As we do not know the fluorescence efficiency of C625 and TPR inside the cells, we cannot quantitatively correlate their intensities with the local concentrations. However, at the same local environment, we can still characterize their dynamic changes in relative concentrations from the ratio of their spectral intensities. The differences in the emission profiles in the nucleus and the cytoplasm imply a different ability of AN-152 and [D-Lys ⁶ ]LH-RH to enter the nucleus. AN-152 is a cytotoxic conjugate of Dox and [D-Lys ⁶ ]LH-RH. As one of the most widely used anticancer drugs, Dox has been shown to have a broad spectrum of antitumor effect.¹⁴ Even though Dox has been used in the clinics for about 30 yr, its mechanism of action is still not completely clear and has been the subject of intense investigations.⁵ Present concepts about the toxic effect of Dox are that it could initiate DNA damage through inhibition of topoisomerase II, after intercalation into the DNA, which could happen only inside the nucleus. The mechanism of action of the hormone conjugate AN-152 should also be elucidated. Our previous research has shown its cellular pathway into the nuclei of LH-RH receptor-positive cells, but it is not certain whether this entry was caused by the Dox component or the peptide. From the localized spectroscopic profiles obtained by TPLSMF, it appears that AN-152 can accumulate in the nucleus more readily than the carrier itself.

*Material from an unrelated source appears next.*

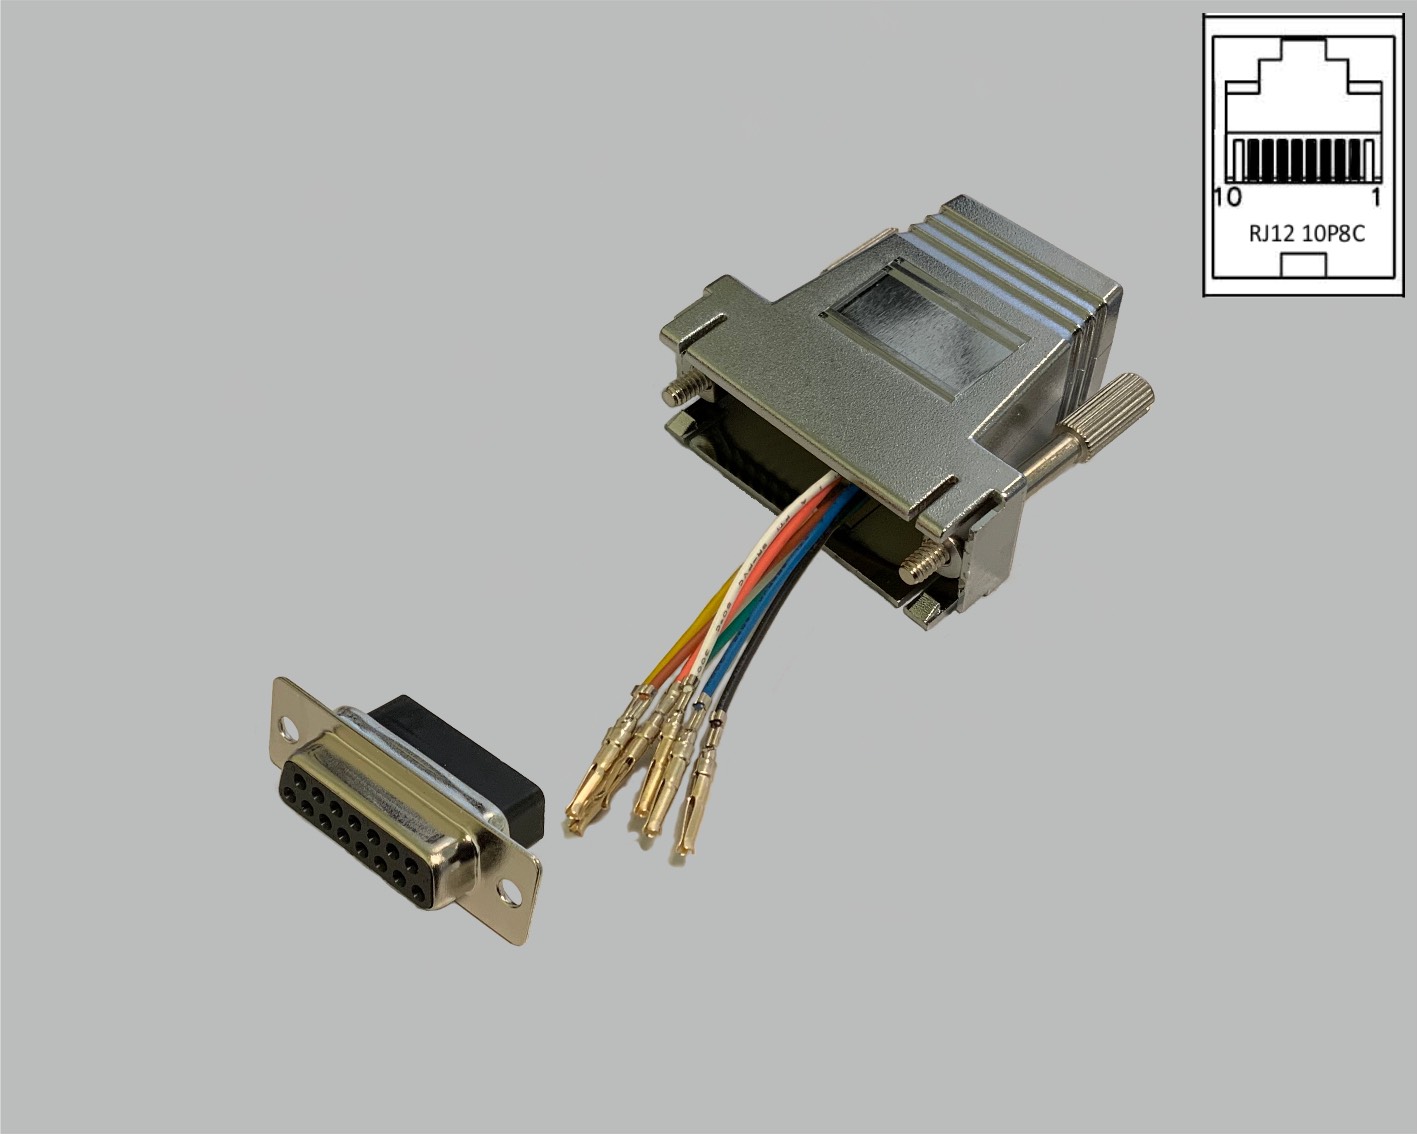 D-Sub/RJ adapter, freely configurable, D-Sub female connector 15-pole to RJ45 (10P8C) female connector, metallised

Furthermore, our previous study¹¹ using single photon confocal microscopy, has shown that Dox without any carrier can accumulate in the nuclei of MCF-7 cells. From Figure 8 in this study, it is clear that Dox is present in the nucleus at much higher concentrations than in the cytoplasm of MCF-7 cells. Therefore, it is reasonable to assume that the Dox part of AC is responsible for the higher relative concentration of AC in the nucleus. This study provides the first visual evidence that AN-152 may have a cytotoxic mechanism of action similar to that of Dox.